How often do you feel refreshed after a night’s sleep? And how hard do you find it to actually nod off in the first place?
A lack of sleep, even as little as a couple of night’s worth, can seriously impact your performance at work, or more importantly – the gym.
So what can you do to help you Segway into the Zee zone? It can be very frustrating not knowing what is causing your poor sleep or your inability to get to sleep, so let’s examine some possible causes and some good pre-sleep hygiene methods.
Caffeine (such as a coffee) can have an effect in around 20 minutes, even sooner to the less acclimatised and a pre-workout maybe even sooner still. This can sometimes be a benefit; if you’ve got a big gym session or an event you want to be primed for (something like ELEVATE™ or ELEVATE™ ZERO certainly hits the spot!), but caffeine has a half-life of about 5 hours. So bear this in mind when using caffeine when looking at possible causes for difficulties getting to sleep.
2.) Electronic devices
Electronic devices emit white and blue light from their display in order for us to use them. Now while we all love watching TV and our mobiles are pretty much permanently attached to our hands, these devices are killers when we are trying to get to sleep. This light can seriously affect our melatonin levels – the hormone our body uses to control your sleep-wake cycles.
We all have things we want and need to do for our work or connecting with friends on social media in the evenings, but this may be at a price of a decent night’s slumber. A good habit would be to try and switch off (or put down!) our devices and start to wind down for the night; about 30 minutes (or more if you are able to) before our planned head down time. Doing this regularly will help with good sleep hygiene.

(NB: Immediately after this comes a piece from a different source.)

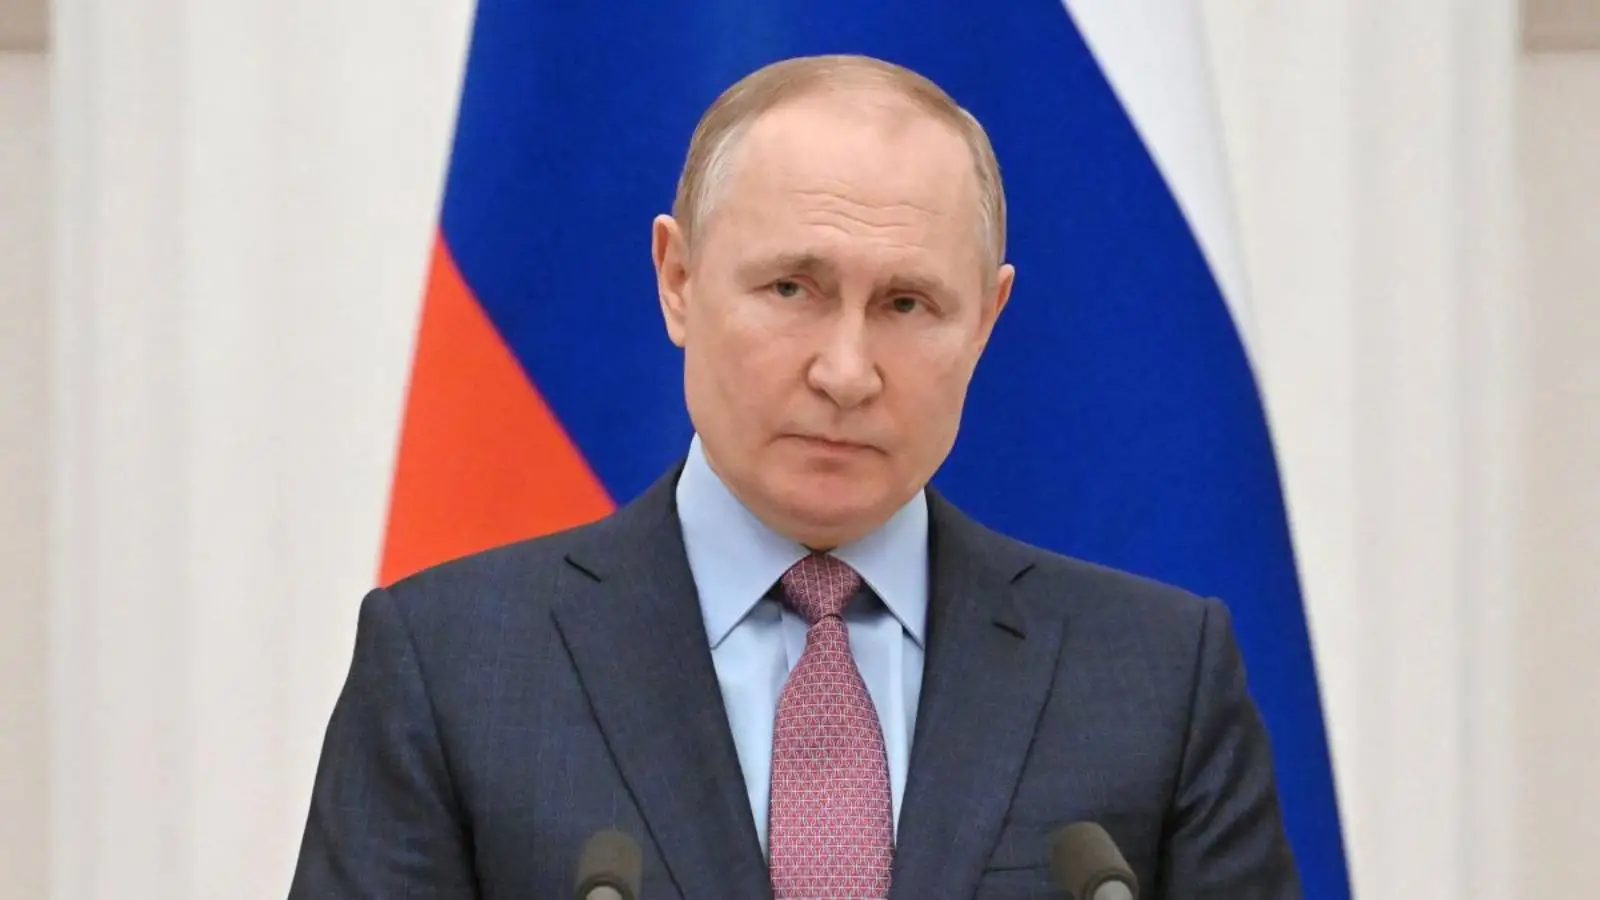 Ilu ludzi Rosja zmobilizowała od czasu ogłoszenia Putina, które przeraziło Rosjan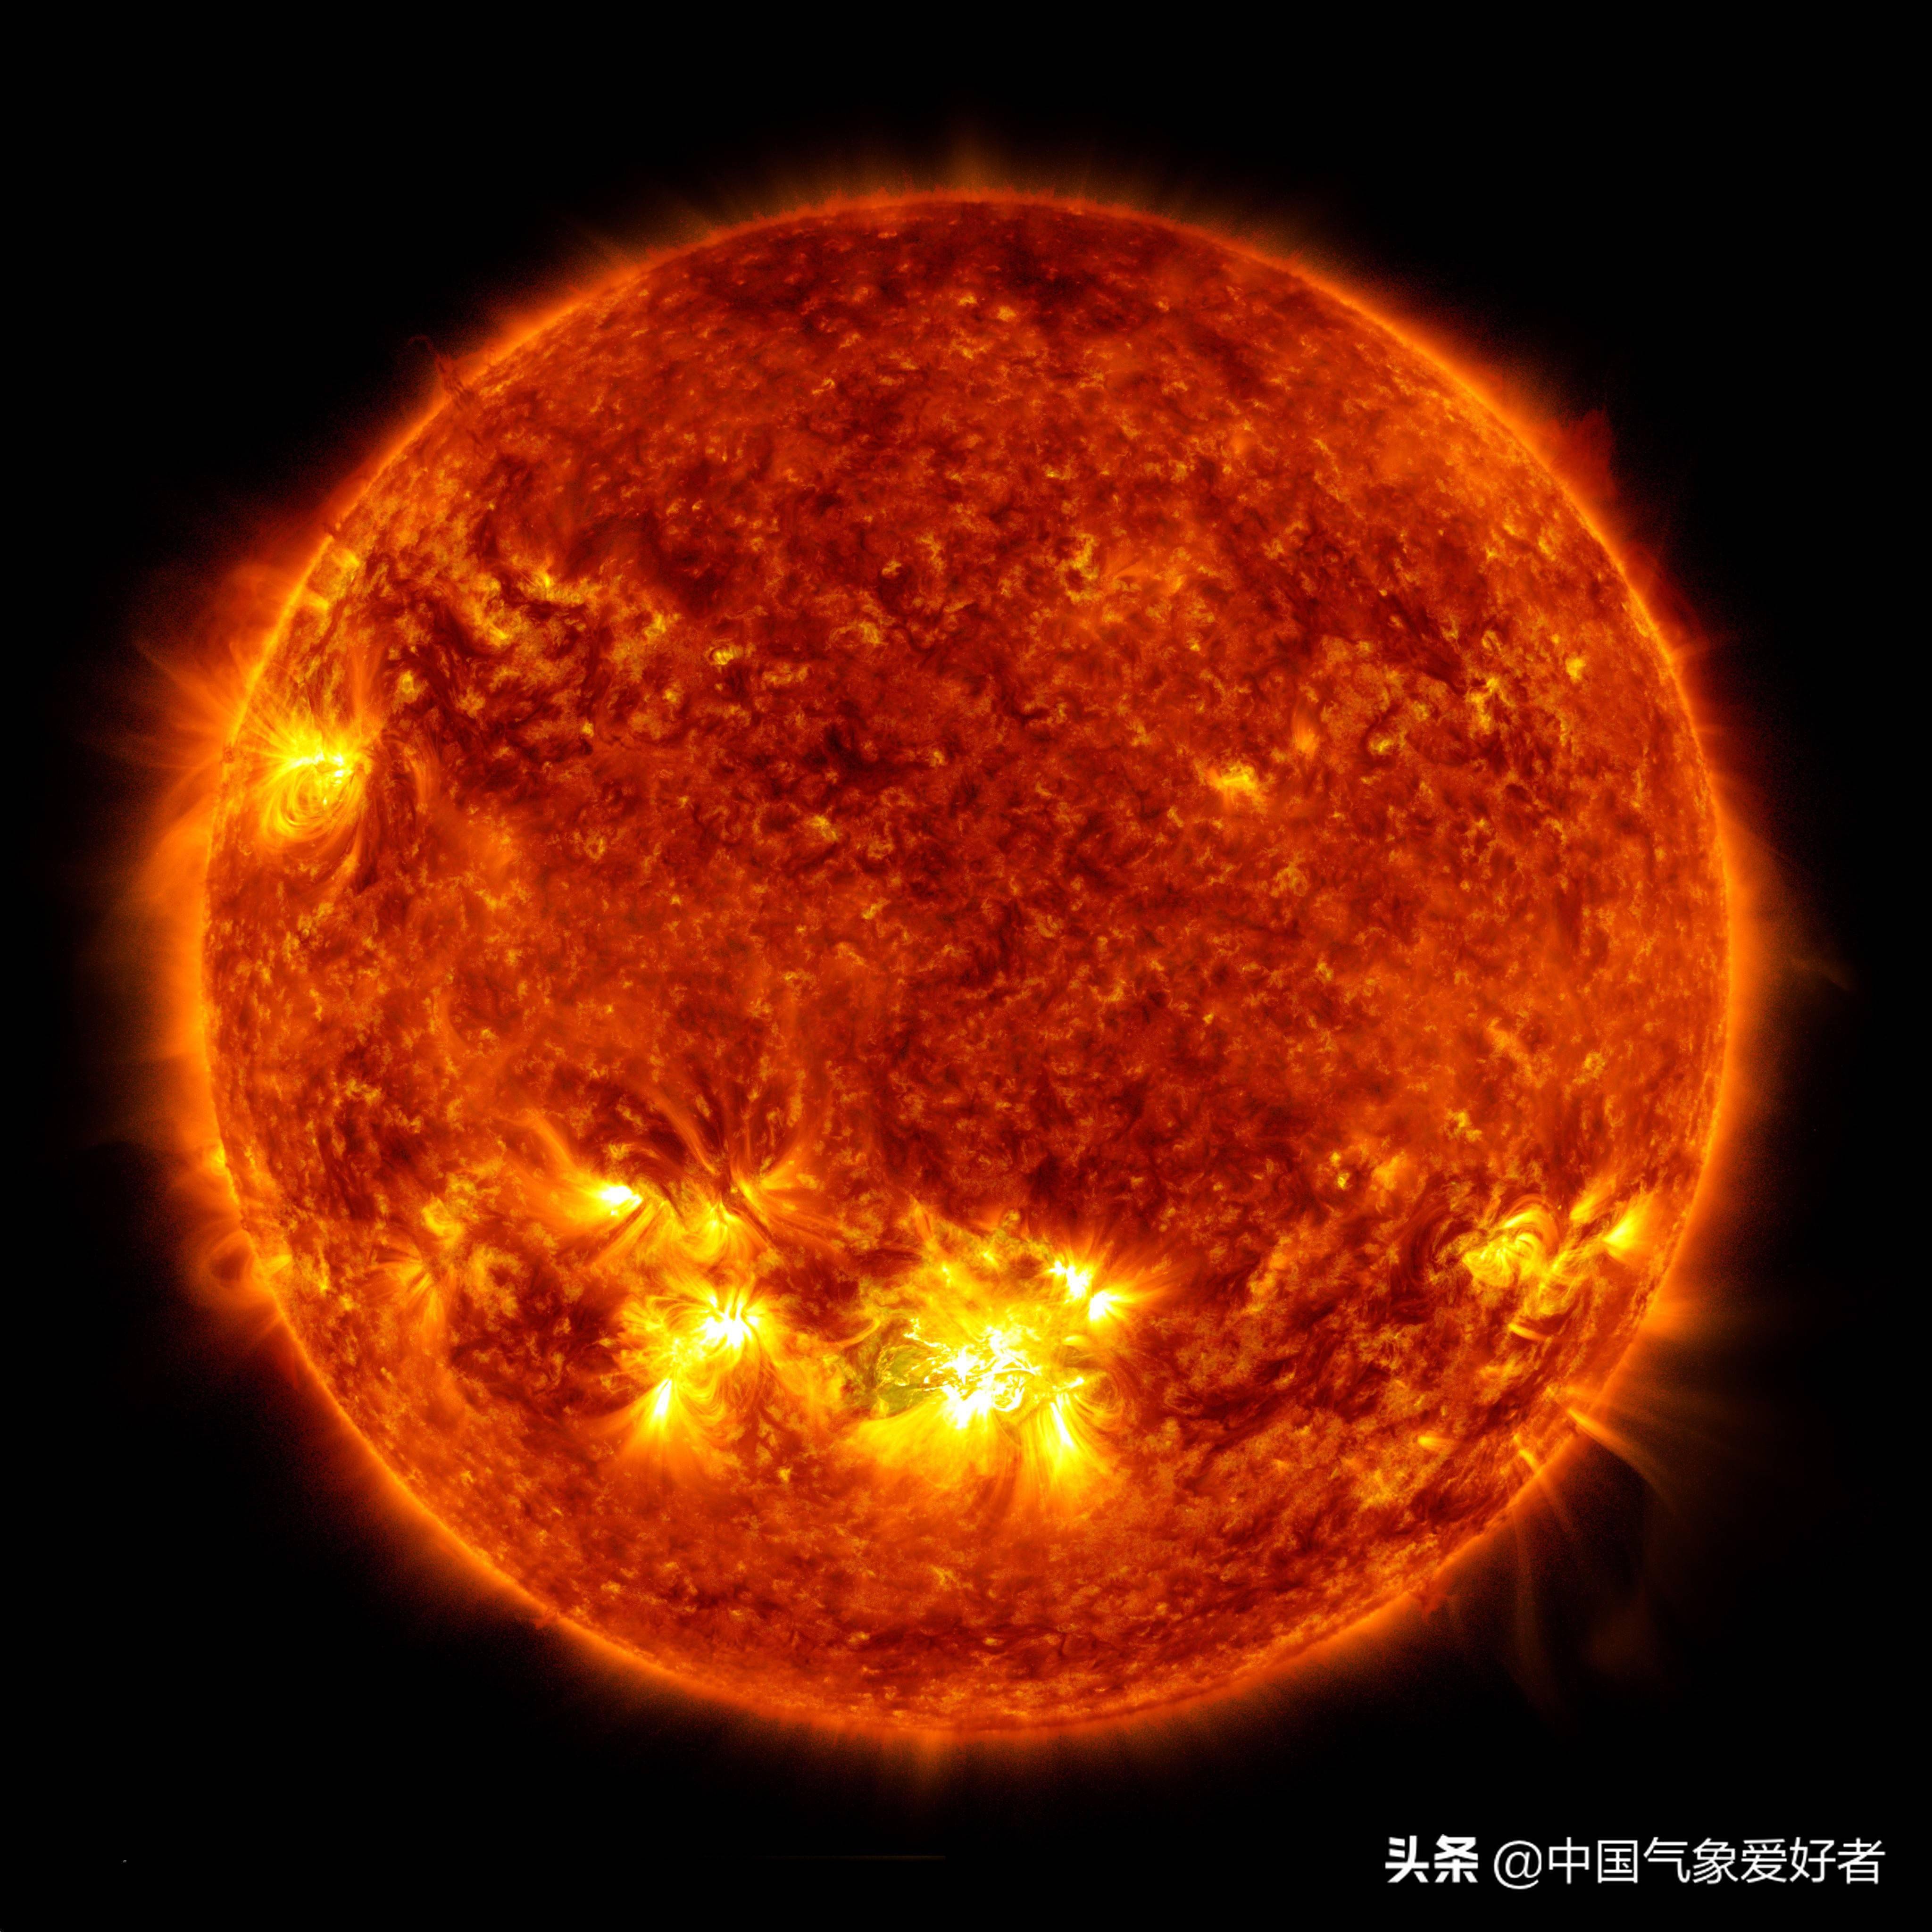 太阳最高等级耀斑爆发,冷冬有更多悬念了?分析:新活动周期开始

A good substitute for the electronic devices is reading a book in bed. This places you in the right environment and can also work to fatigue the eyes to further encourage sleep. I find fiction better than factual books as they tend to detach the need to question or fully absorb the text.
Stress is one of the most catabolic substances out there. Although it may seem a bit of a paradox getting stressed about stress affecting your sleep, taking some time or asking for help to try and identify causes or triggers of your stress can be your first step into trying to manage it. Good sleep can really help with putting everything else into perspective when dealing with problems and issues.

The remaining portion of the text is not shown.